What is the information contained in the figure:

  • icons depicting a start as a bench scientist and the current status as a data analyst
  • a line showing a smooth upward trajectory towards data science, but
  • data science only took over bench work (red line) at some point after my PhD
  • milestones (papers) are also depicted as round points, and in keeping with my trajectory, there are some to which I contributed only lab work, others with data analysis (one with both!).
  • the milestones, the diamond shaped points, are to be described in the presentation (blog, R package maintainer).

I hope you can appreciate that this plot contains a lot of information, but doesn’t feel cluttered. Importantly, this is not meant to be a self-contained, self-explanatory piece of data visualization as I will be guiding the audience through the pieces of information and revealing them only when needed.

Getting there

Well, nearly done. There are still a couple of modifications to be done for the presentation:

  1. No legend because I wanted to talk about the milestones during the presentation without giving way what the points meant too early;
  2. Indication of the places of work is still missing.

The latter is crucial to the presentation because I will be highlighting each place of work, and follow that up with slides describing my role, tasks, and accomplishments. So in effect highlighting the places of work in a stepwise manner is critical to create breaks and setting the tone for each part of the presentation.
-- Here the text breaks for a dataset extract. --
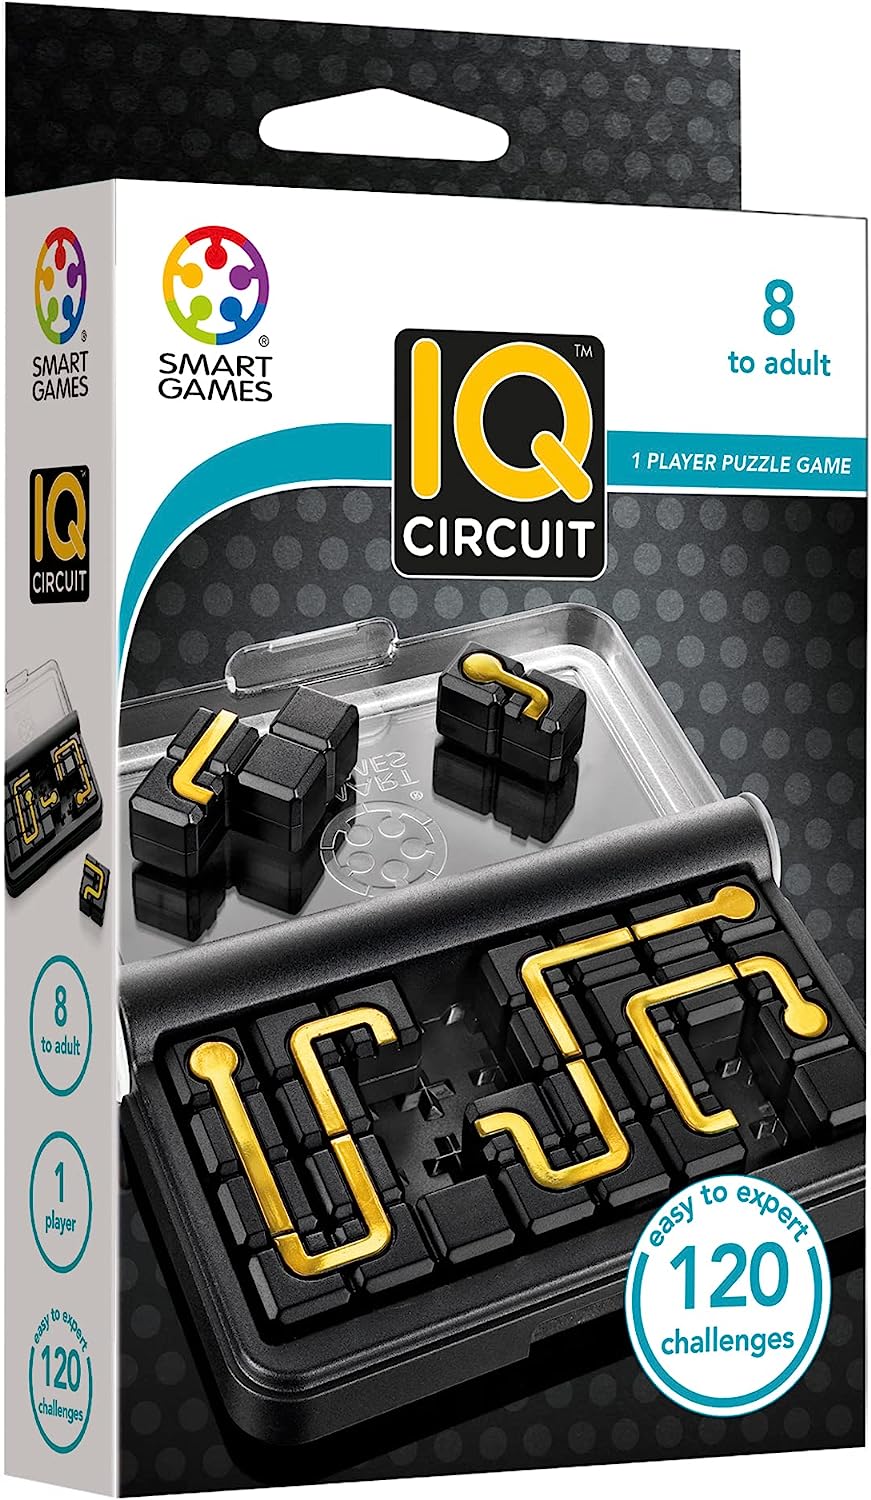 Ver categoría de iq circuit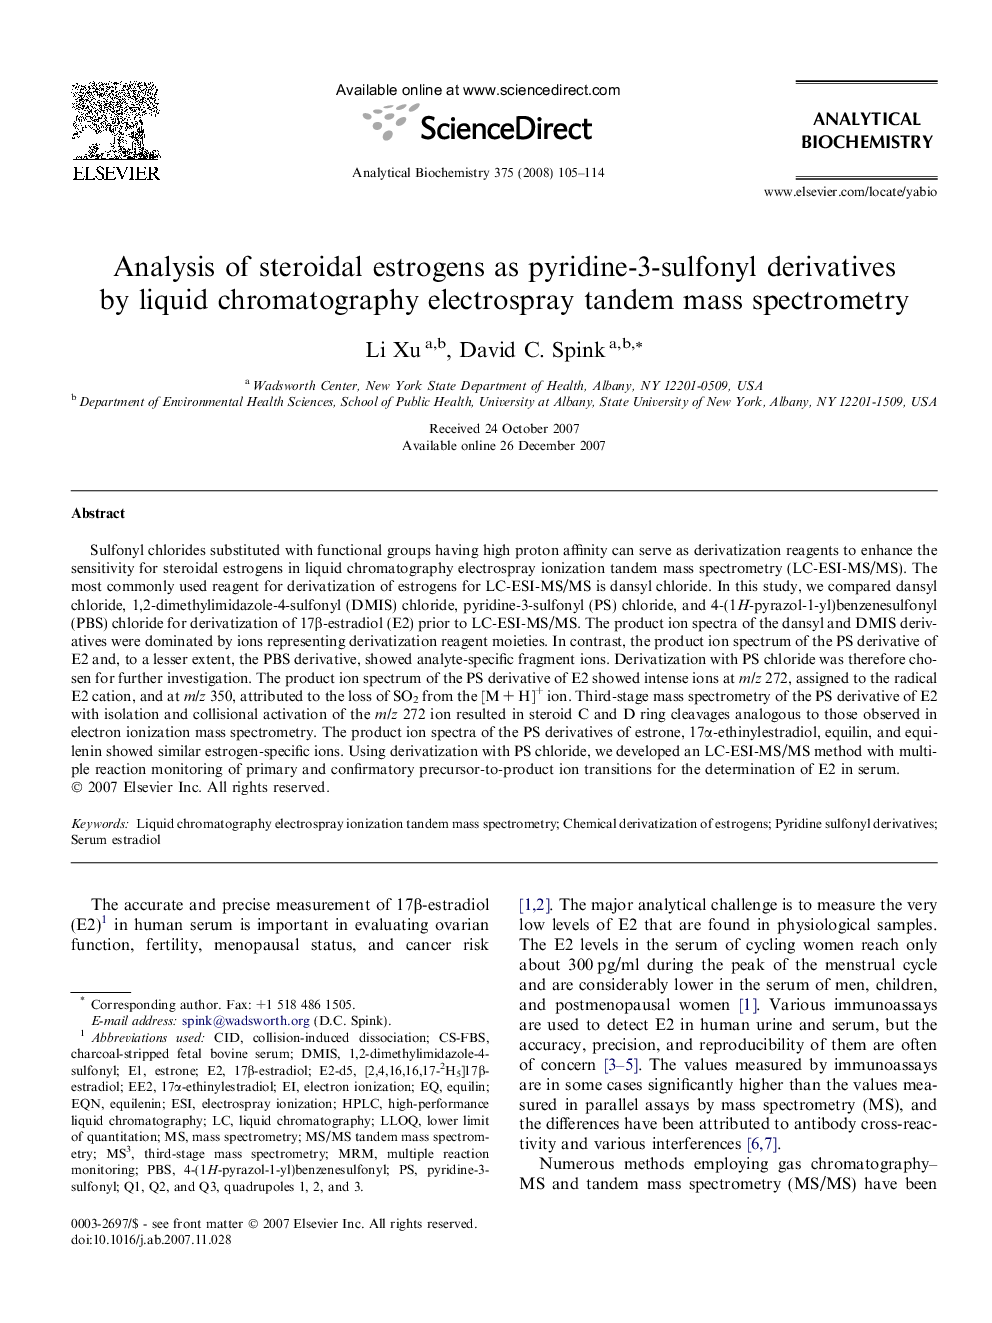 Analysis of steroidal estrogens as pyridine-3-sulfonyl derivatives by liquid chromatography electrospray tandem mass spectrometry

Removing the legend is fairly simple (said he after googling how to do for the 1000th time).

## no legend
p_no_leg <- p_complete +
  guides(
    fill = "none"
  )
p_save <- add_img(p_no_leg)
ggsave("../assets/img/timeline_no_legend.png", p_save, dpi = 300, width = 10, height = 6, units = "cm")

timeline complete

To show how I moved around I made used of geom_annotation and shaded boxes to highlight each job, one at the time. Each one of these was then shown as bridge between parts of the talk.

For simplicity I am plotting only one here:

## add countries

p_no_leg <- p_complete +
  guides(
    fill = "none"
  )
add_img(p_no_leg)
# ggsave("timeline_no_legend.pdf", dpi = 600, width = 10, height = 6, units = "cm")

p_pt <- p_no_leg +
  annotate("rect",
    xmin = min(antonio$Date), xmax = as.Date("2006-02-01"), 
    ymin = -Inf, ymax = Inf,  fill = "#d9e6eb", alpha=0.35)
p_save <- add_img(p_pt)

ggsave("../assets/img/timeline_no_legend.pt.png", p_save, dpi = 600, width = 10, height = 6, units = "cm")

timeline complete

Final word

And that was it. It took me quite some time to get it done, including testing packages which were not used, but in the end I am quite happy with the result. It was a lot of work, but I wanted to impress and I did.

Footnotes

[1] Before any presentation I always think about who my audience will be and what is the goal. Only then do I start sketching the slides with pen and paper to organize the ideas into slides. One key message per slide.

[2] For example https://github.com/laresbernardo/lares and https://github.com/daattali/timevis.

[3] It’s fine to use the publication record, but someone career should not be just about that. There’s also teaching, mentoring, outreach, software, etc, which I am not sure it’s always taken into account when evaluating academics. Not that it affects me because I am not looking to climb the academic ladder.

[4] The slide-deck is not available, but if a few people show interest I could put it online.